# Is this a pontil...



## woodswalker (Jun 18, 2010)

Whole bottle....


----------



## woodswalker (Jun 18, 2010)

.....


----------



## woodswalker (Jun 18, 2010)

Im a newbie...but I'm really thinking thats a pontil and this must be a pretty OLD bottle?


----------



## kungfufighter (Jun 18, 2010)

It is a pontil.  The pitcher is a beautiful but recently made piece of Mexican glass.


----------



## woodswalker (Jun 18, 2010)

Ok heres the Pontil...had my pics mixed up....


 So please help me find out about this beauty!!!!


----------



## woodswalker (Jun 18, 2010)

So it's not old if its Mexican?  Well that stinks but I like it....I thought only the oldies had Pontil marks on them and how can you tell the difference?????[8|][8|][8|][8|]


----------



## kungfufighter (Jun 18, 2010)

Many modern objects are still blown in a traditional manner that leaves the mark of a punty rod on the base.  The "tell" that this is not an early piece is the color and type of glass, the non-utilitarian nature of the form (in that this piece would not "work" well) and most importantly, the "upside down" handle (where the handle is heavier at the lower attachment point than the upper attachment point).


----------



## woodswalker (Jun 18, 2010)

Well good to know info...but I still love it!!! And it's my favorite color to!!!


----------



## kungfufighter (Jun 18, 2010)

No reason not to love it.


----------



## woodswalker (Jun 18, 2010)

I do!!! Its purple[]


----------



## Poison_Us (Jun 18, 2010)

> ORIGINAL:  kungfufighter
> 
> Many modern objects are still blown in a traditional manner that leaves the mark of a punty rod on the base.  The "tell" that this is not an early piece is the color and type of glass, the non-utilitarian nature of the form (in that this piece would not "work" well) and most importantly, the "upside down" handle (where the handle is heavier at the lower attachment point than the upper attachment point).


 
 The handle info I would have never noticed just looking at it.


----------



## whiskeyman (Jun 25, 2010)

Woodswalker...nice little item. I believe it was made to mimic or be a copy of the early midwestern swirl bottles & flasks. Several of which can be seen on the below webpage.  I have also seen your pitcher in an aqua swirl as well as creamers and sugars in swirled blue glass , also made in Mexico.

midwestern swirl  
 http://earlyamericanglass.net/27101.html?*session*id*key*=*session*id*val*


----------



## woodswalker (Jun 25, 2010)

Excellent site Whiskeyman I found my bottle and it is rare!!!

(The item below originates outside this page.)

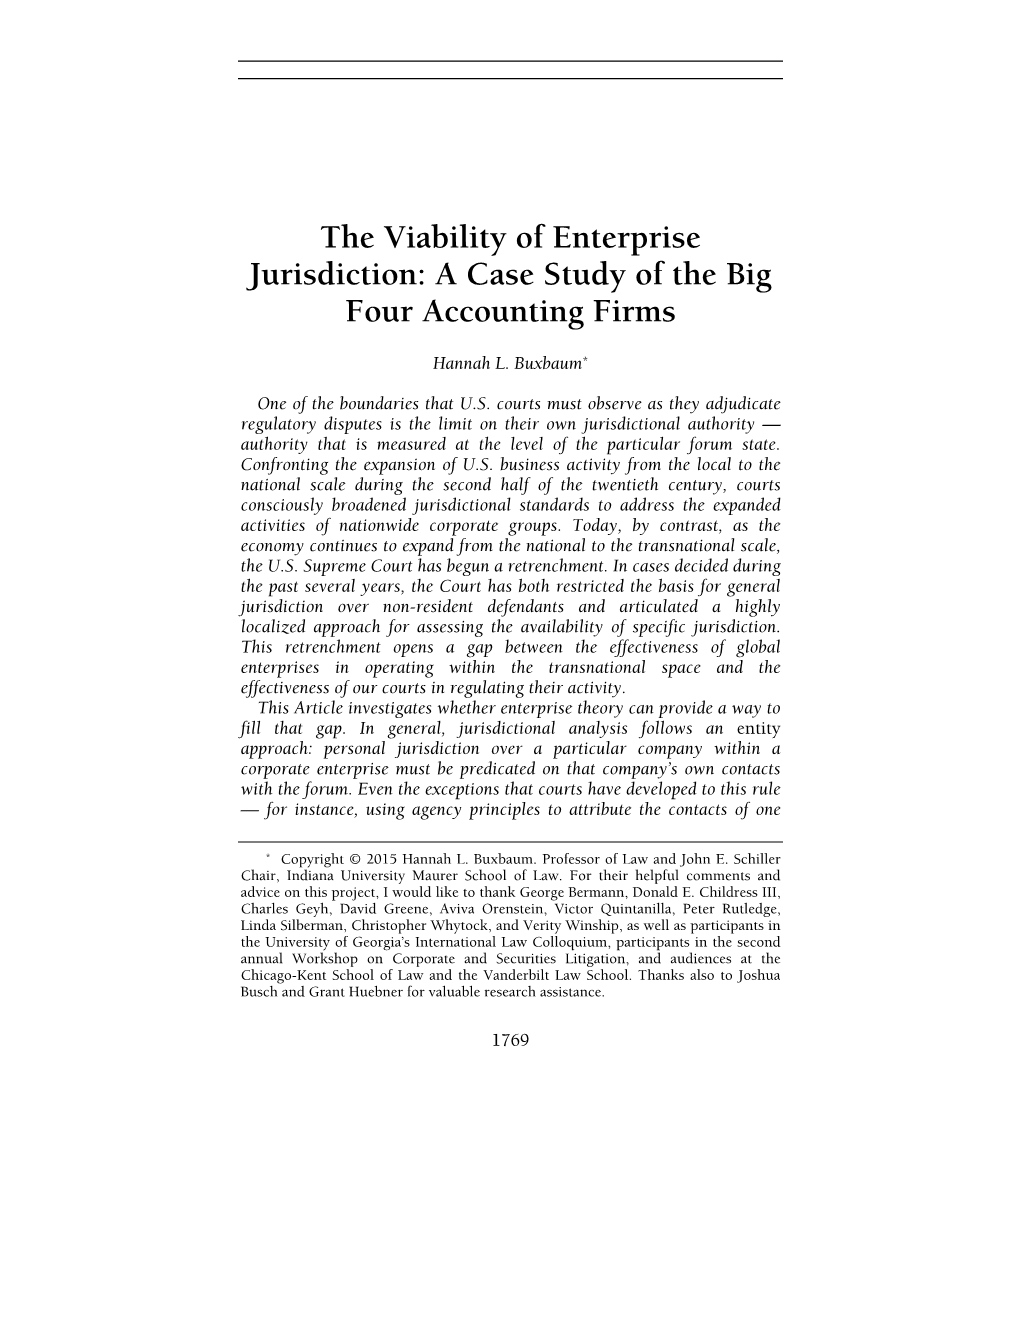 The Viability of Enterprise Jurisdiction: a Case Study of the Big Four Accounting Firms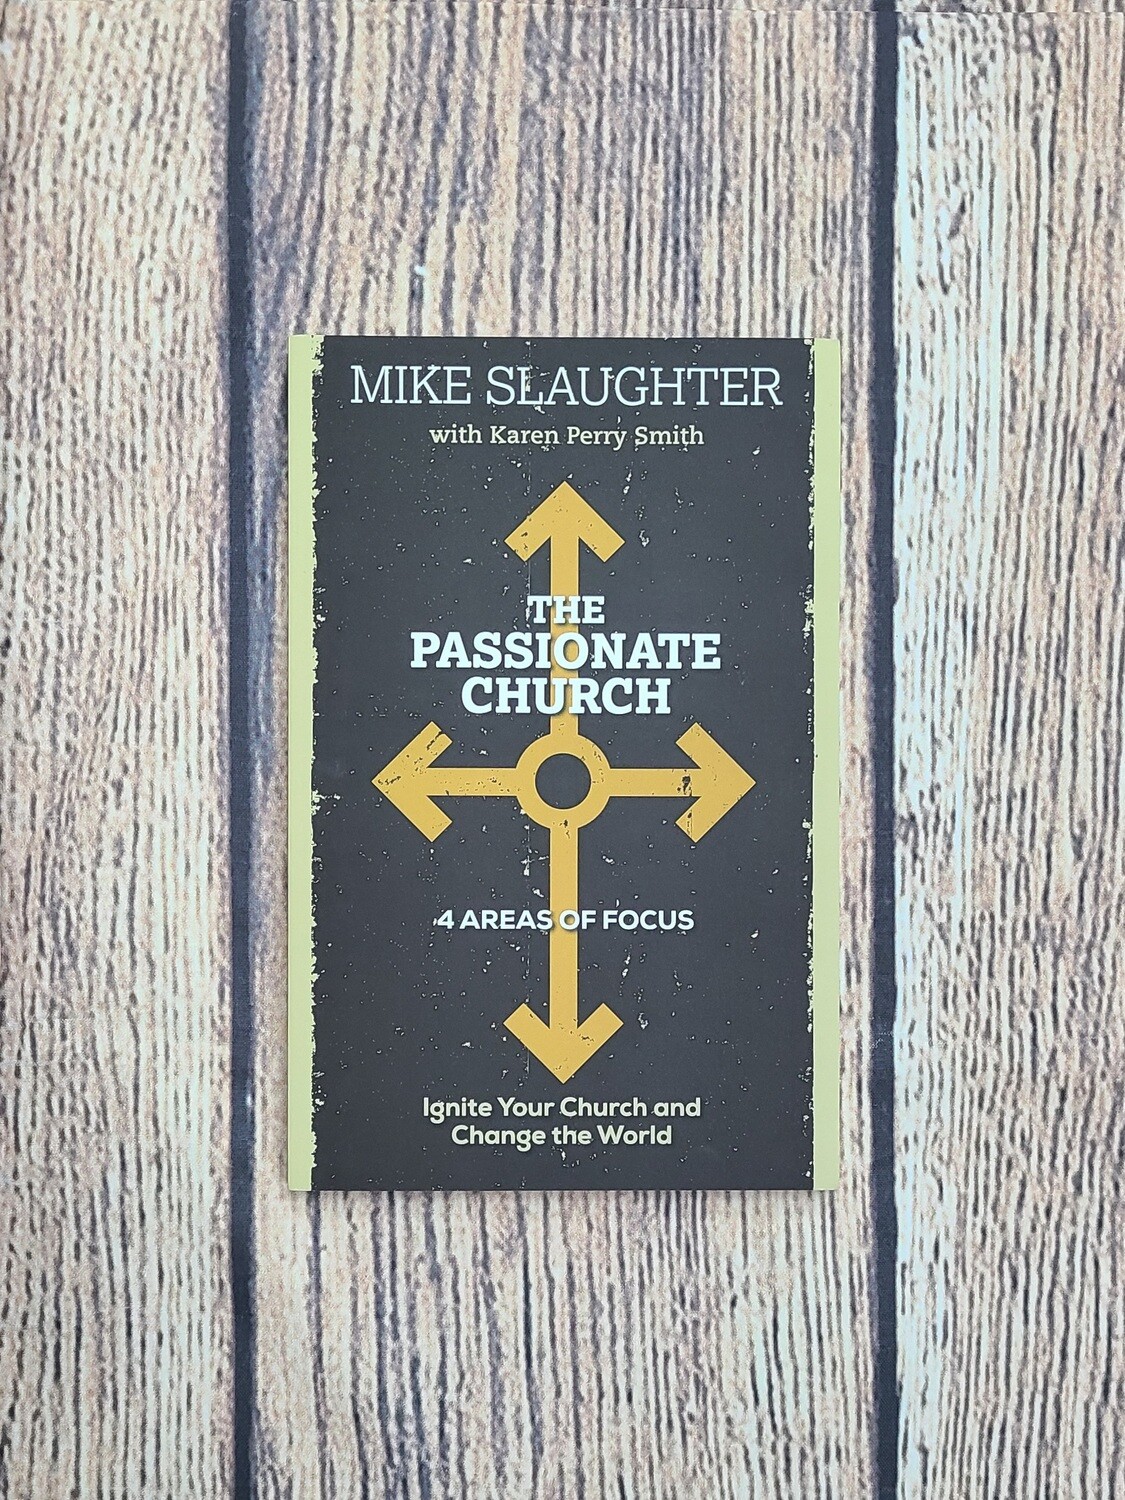 The Passionate Church: Ignite Your Church and Change the World by Mike Slaughter with Karen Perry Smith

*Extremely Rare - Midwest probably Pittsburgh, 16 ribs amethyst cruet,  ca 1800-1830. *Applied hallow handle, dark amethyst, tooled mouth  with pour spout pontil scar, height. 7 6/8 inches, dia. 5 1/2 inches.  These are very desirable among collectors and a must have for any  midwest collector. Loss to handle and a large crack along the back.  The  last one of these sold at Green Valley for 10K. *~SOLD~*


----------



## woodswalker (Jun 25, 2010)

Looks like the same one to me....What a beauty!! I love purple[][]


----------



## Wangan (Jun 25, 2010)

Wow! Congratulations! You need to check that spot thoroughly!


----------



## woodswalker (Jun 25, 2010)

Well to be honest...I found it in an antique store...but I'm going back tomorrow for more of my minni tea sets....( my true love) I need to think of a way to display them tho and make some cases!!!....Perfect time for ideas this weekend...i think its going to rain[&:]


----------



## woodswalker (Jun 25, 2010)

.....


----------



## Wangan (Jun 25, 2010)

Sorry about that last comment,wrong post.[&o]

 Thats a pretty piece no matter what.


----------



## Wangan (Jun 25, 2010)

You need an antique doll house to put them in.[]


----------



## mdavenport (Jun 25, 2010)

How about a shadowbox... make it seem as though you are looking down on a tabletop?  Of course you'd have to glue the dishes to the "tabletop."  Might look cool, though.
 Mike


----------